### INFORMATION PROVIDED
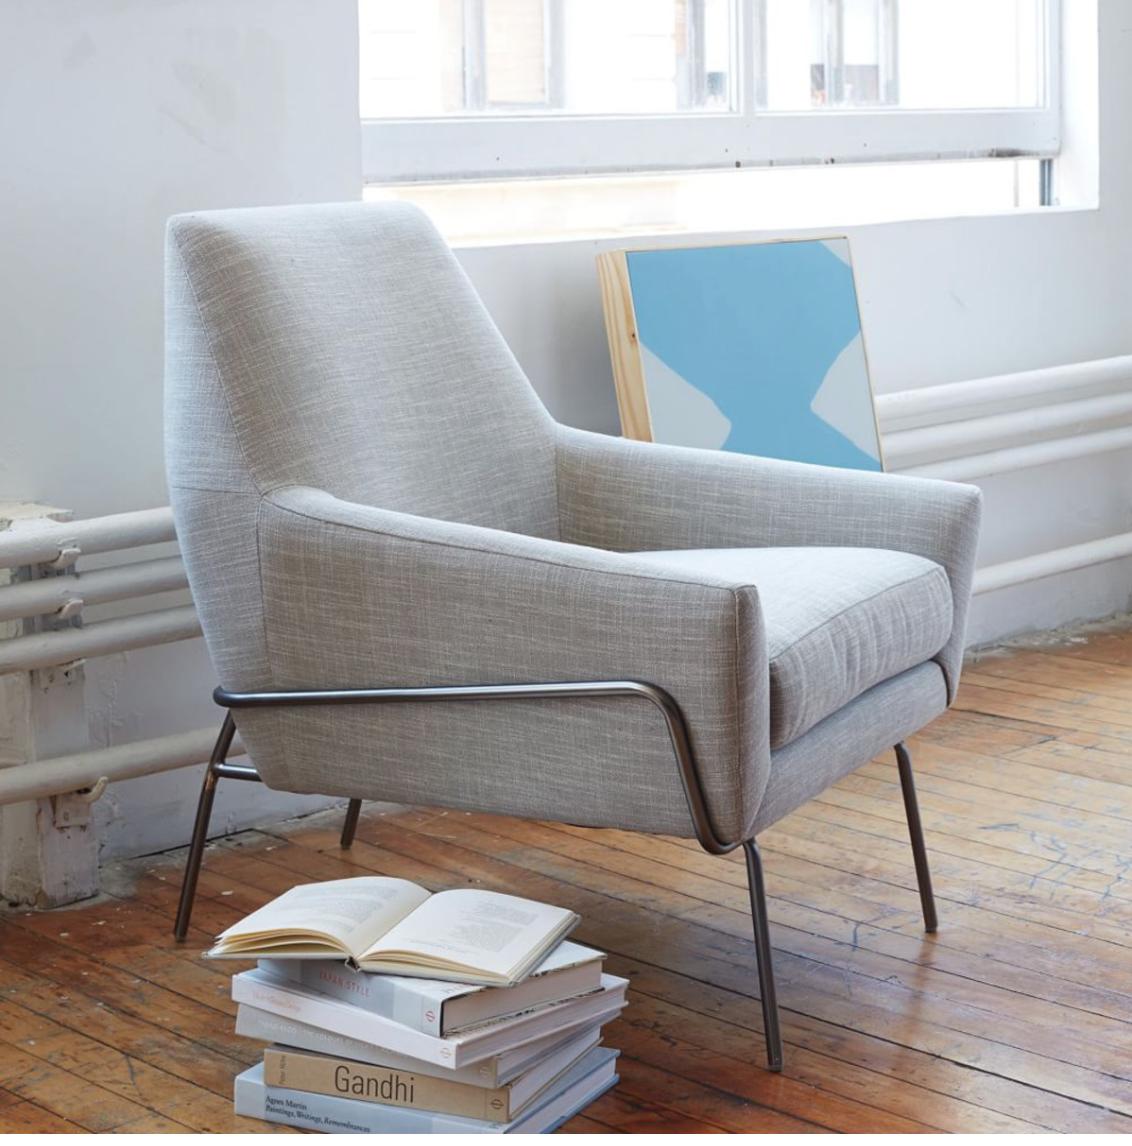 Pin De Onny Ponny En Furniture Pinterest # Muebles Novedosos
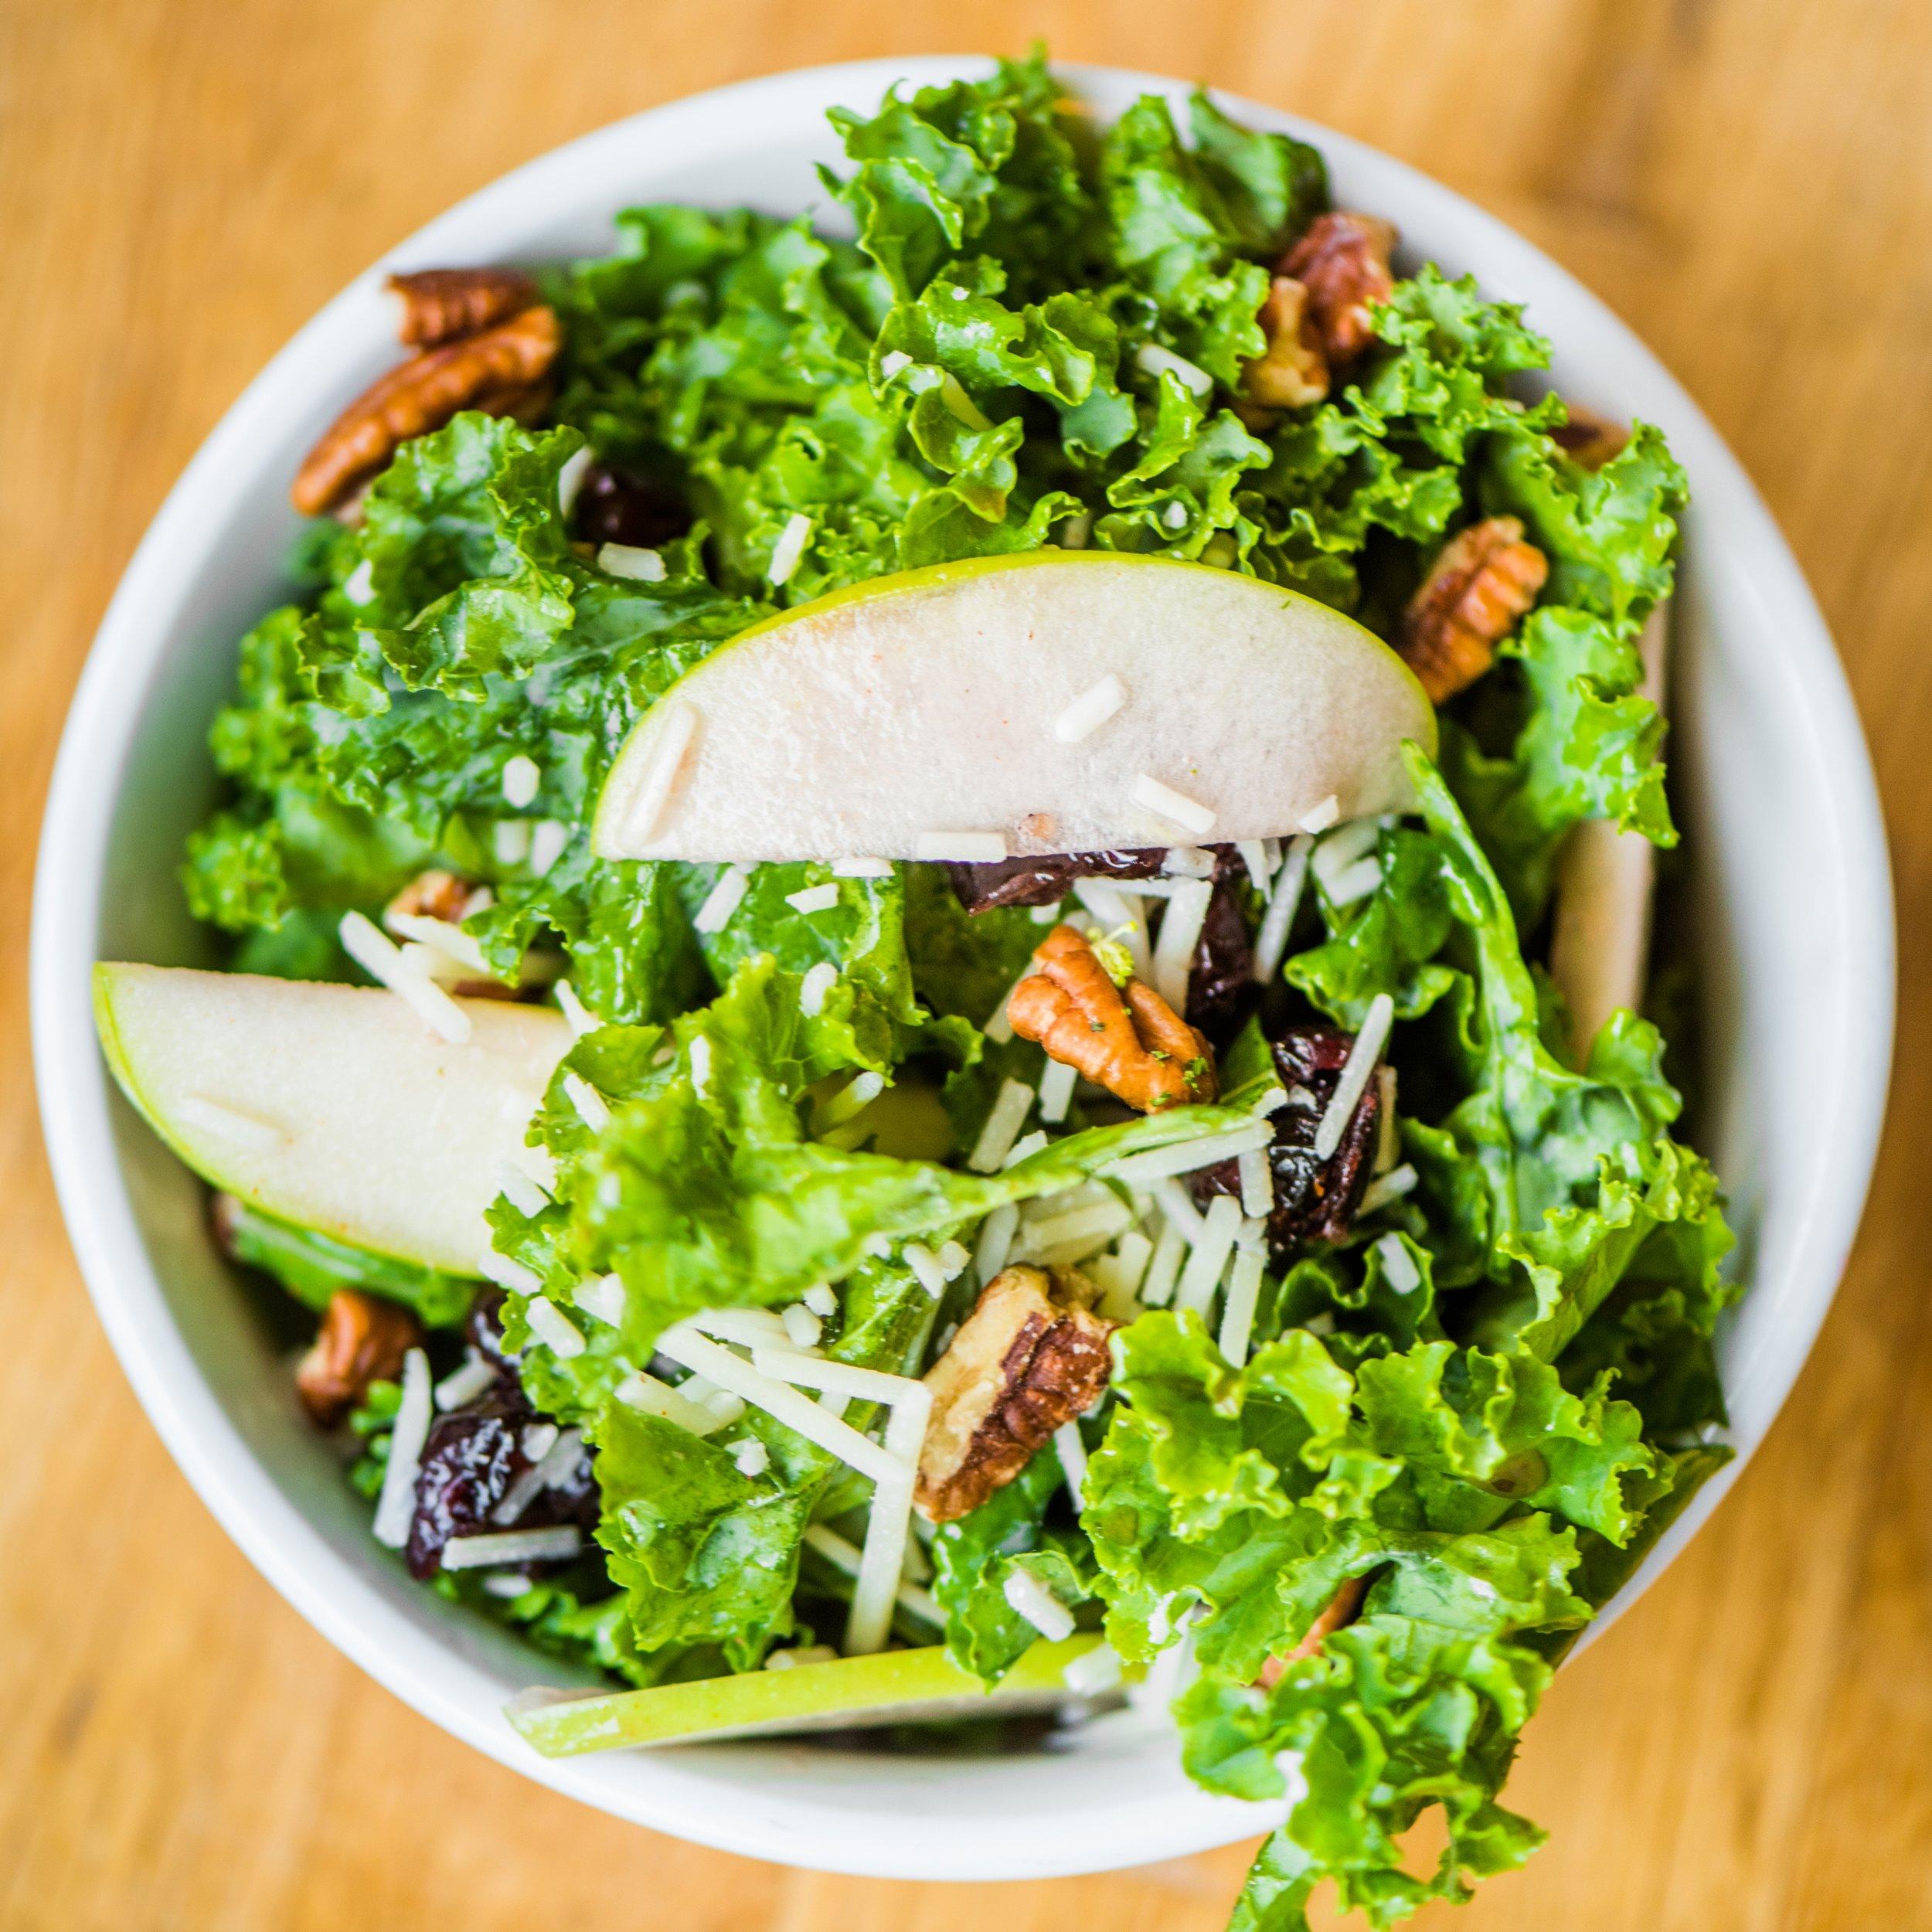 Kale salad (Photo credit Takoda)
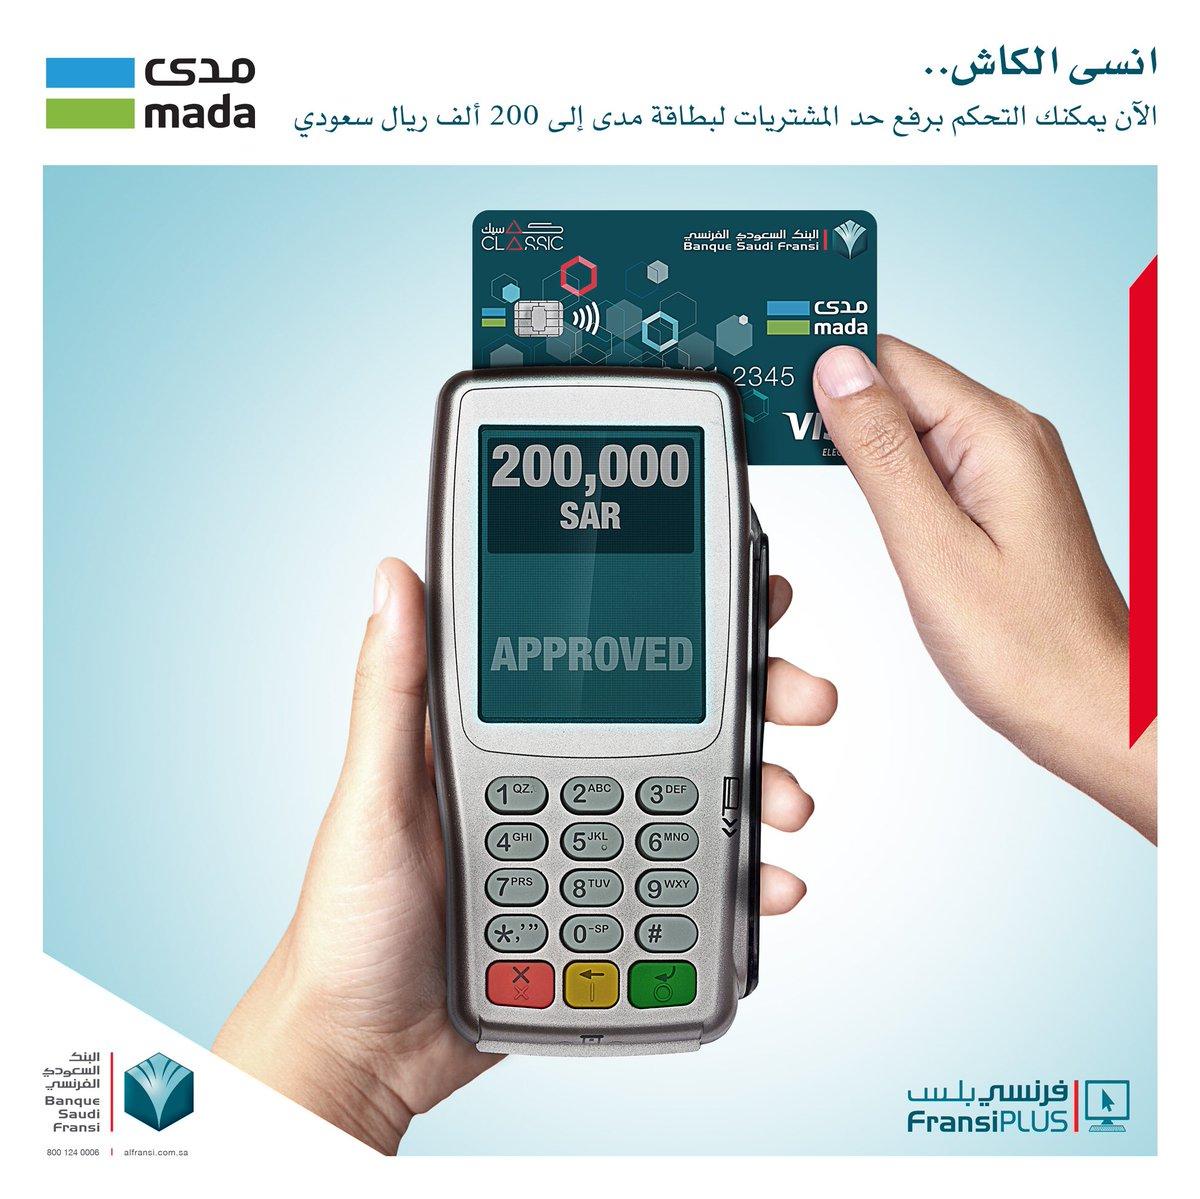 البنك السعودي الفرنسي Tren Twitter يمكنك الآن التحكم برفع الحد اليومي لمشترياتك عبر نقاط البيع والتسوق الإلكتروني باستخدام بطاقة مدى حتى ٢٠٠ ألف ريال عن طريق فرنسي بلس Https T Co Ni4k59x9d9

### TRY IT
Above is a listing with pictures. Write it out exactly without them.

### EXERCISE RESULT
 Pin De Onny Ponny En Furniture Pinterest # Muebles Novedosos
 Kale salad (Photo credit Takoda)
 البنك السعودي الفرنسي Tren Twitter يمكنك الآن التحكم برفع الحد اليومي لمشترياتك عبر نقاط البيع والتسوق الإلكتروني باستخدام بطاقة مدى حتى ٢٠٠ ألف ريال عن طريق فرنسي بلس Https T Co Ni4k59x9d9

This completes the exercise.